Beautifully written, this novel set in World War II France and Germany doesn’t take what I would have thought a traditional spin on war. It’s not about the conflict. It’s not about separated lovers. It’s not about history. It’s about the stories of two children, one in France, one in Germany. And it’s their stories—their uniquely individual but similarly heartbreaking stories of living through the war—that frame the dual plots.
It is in these stories this book shines. The unjust and harsh realities that faced Hilter’s youth set the stage for one, while living with blindness and fleeing Paris set the stage for the other. Neither is glamourous. Both are deeply emotional. Each is thought-provoking and heartwarming while at the same time full of melancholy.

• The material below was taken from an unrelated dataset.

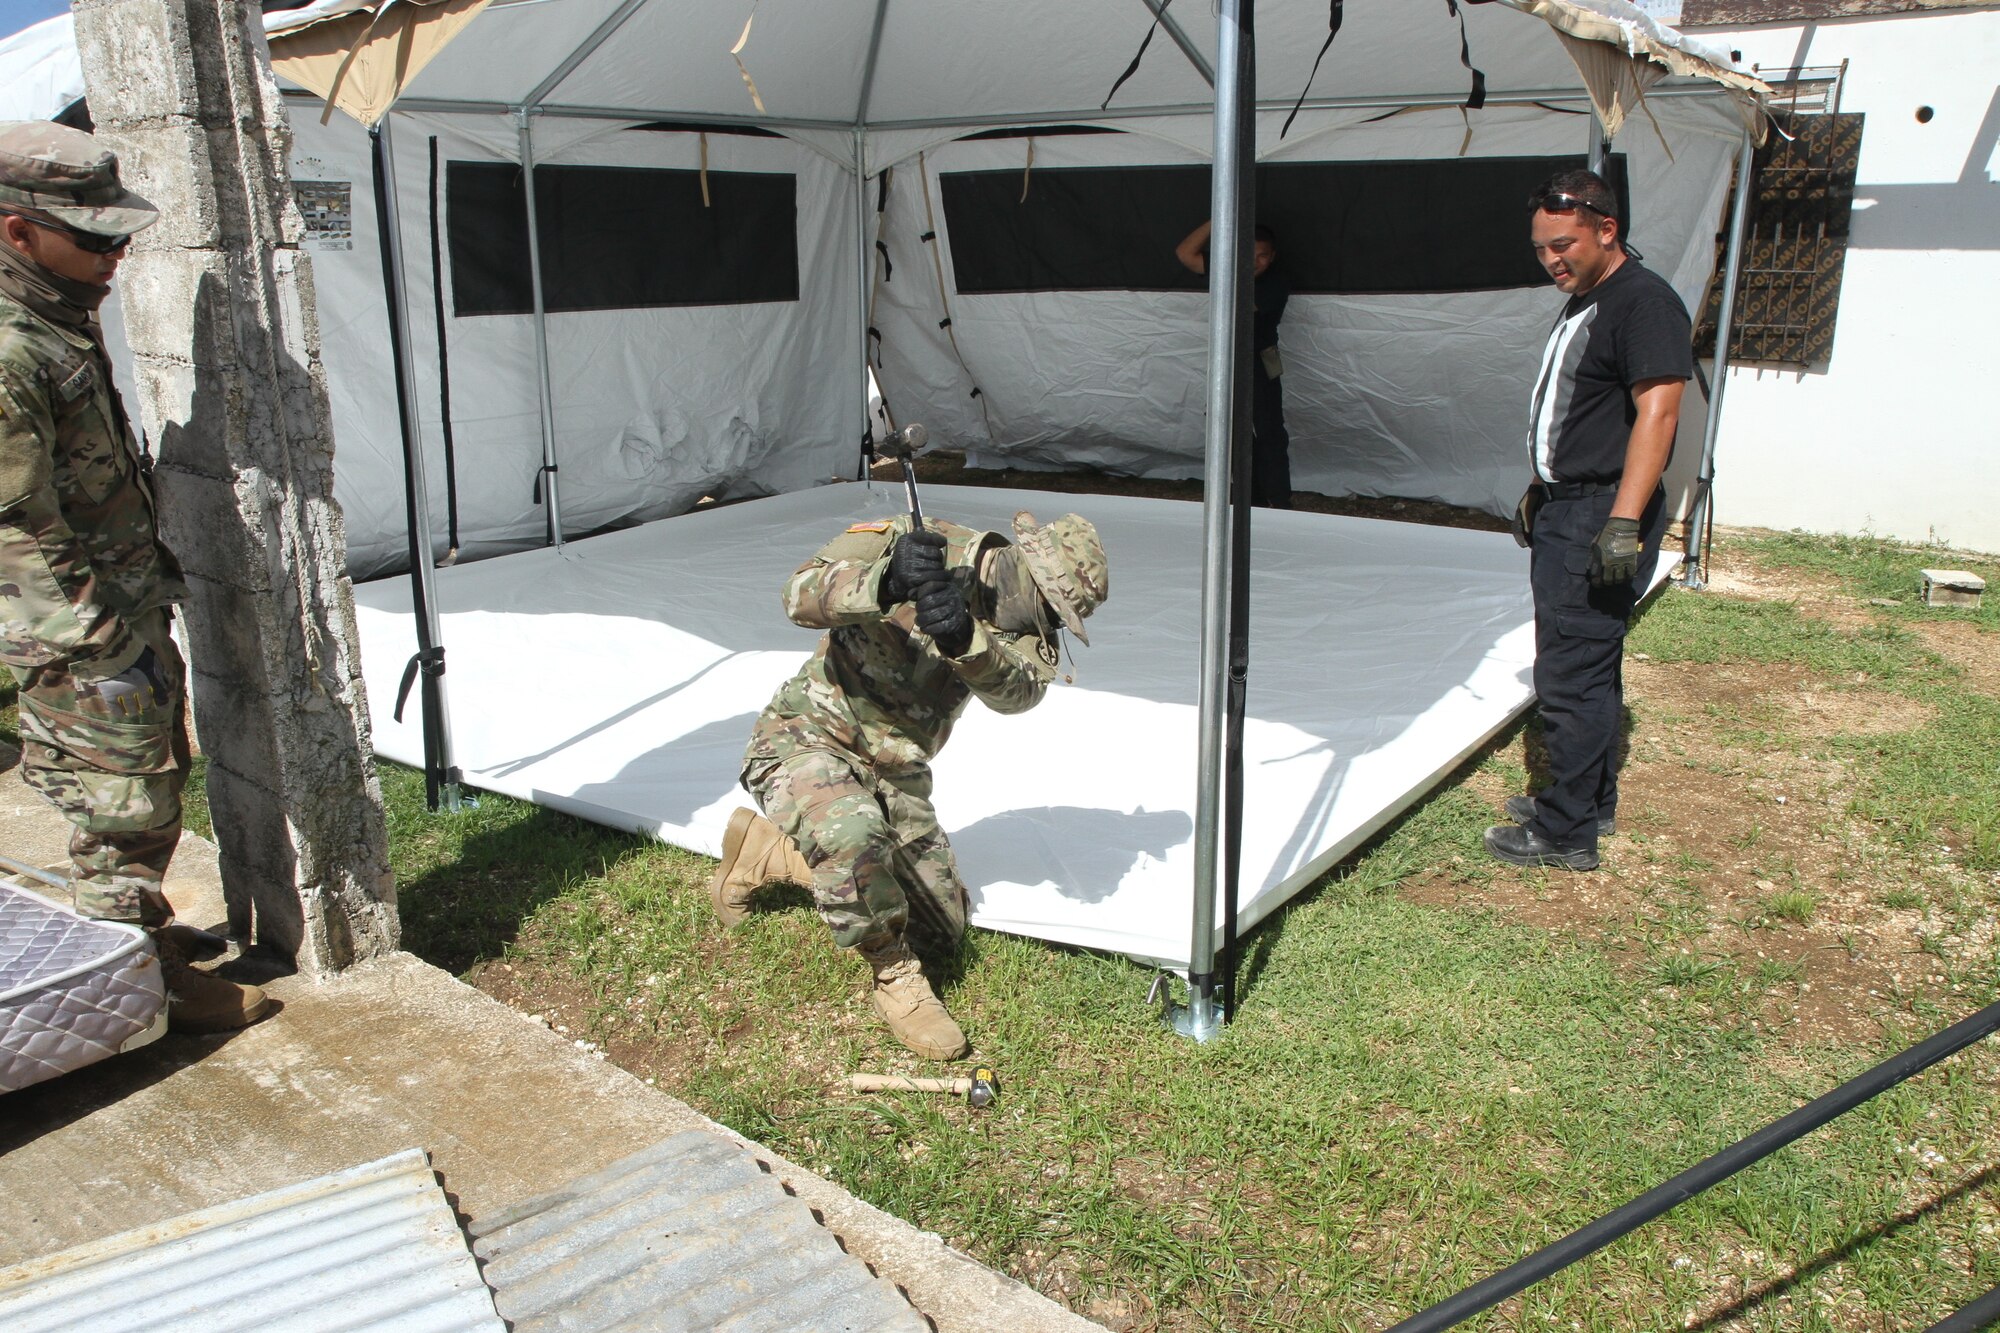 U.S. Army Spc. John Blas, a Soldier with the 797th Engineer Company (Vertical), 9th Mission Support Command, currently assigned to Joint Task Group-Saipan, Task Force-West, stakes a metal rod into the ground to secure a FEMA tent, which will be used as temporary shelter for Saipan residents impacted by Typhoon Yutu, Nov. 9, 2018.

The pace for each is slow, delicately bouncing between the two stories and among different times. In other books, this might bother me, but in this tale, for me, the differences flowed with grace and ease.
A mystery sits on the sideline of the tales, giving extra lift to what otherwise might bog down the reader. So although the mystery is not, to me, the central part of the story, it provides a framework on which to hang the tales and tie things together. That worked well for me.
I took my time reading this book, enjoying looking in on the lives of Marie-Laure and Werner. And that worked just right. Trying to read this too quickly would have been too heavy, too slow, too dragging for my attention. Instead, it worked perfectly to take it in just a bit at a time, enjoying the language of the writer, language that evoked depth and emotion and warmth.
If you’re looking for a light read, this is not it. If you’re looking for something to savor and let unfold over time, All the Light We Cannot See delivers. Beautifully.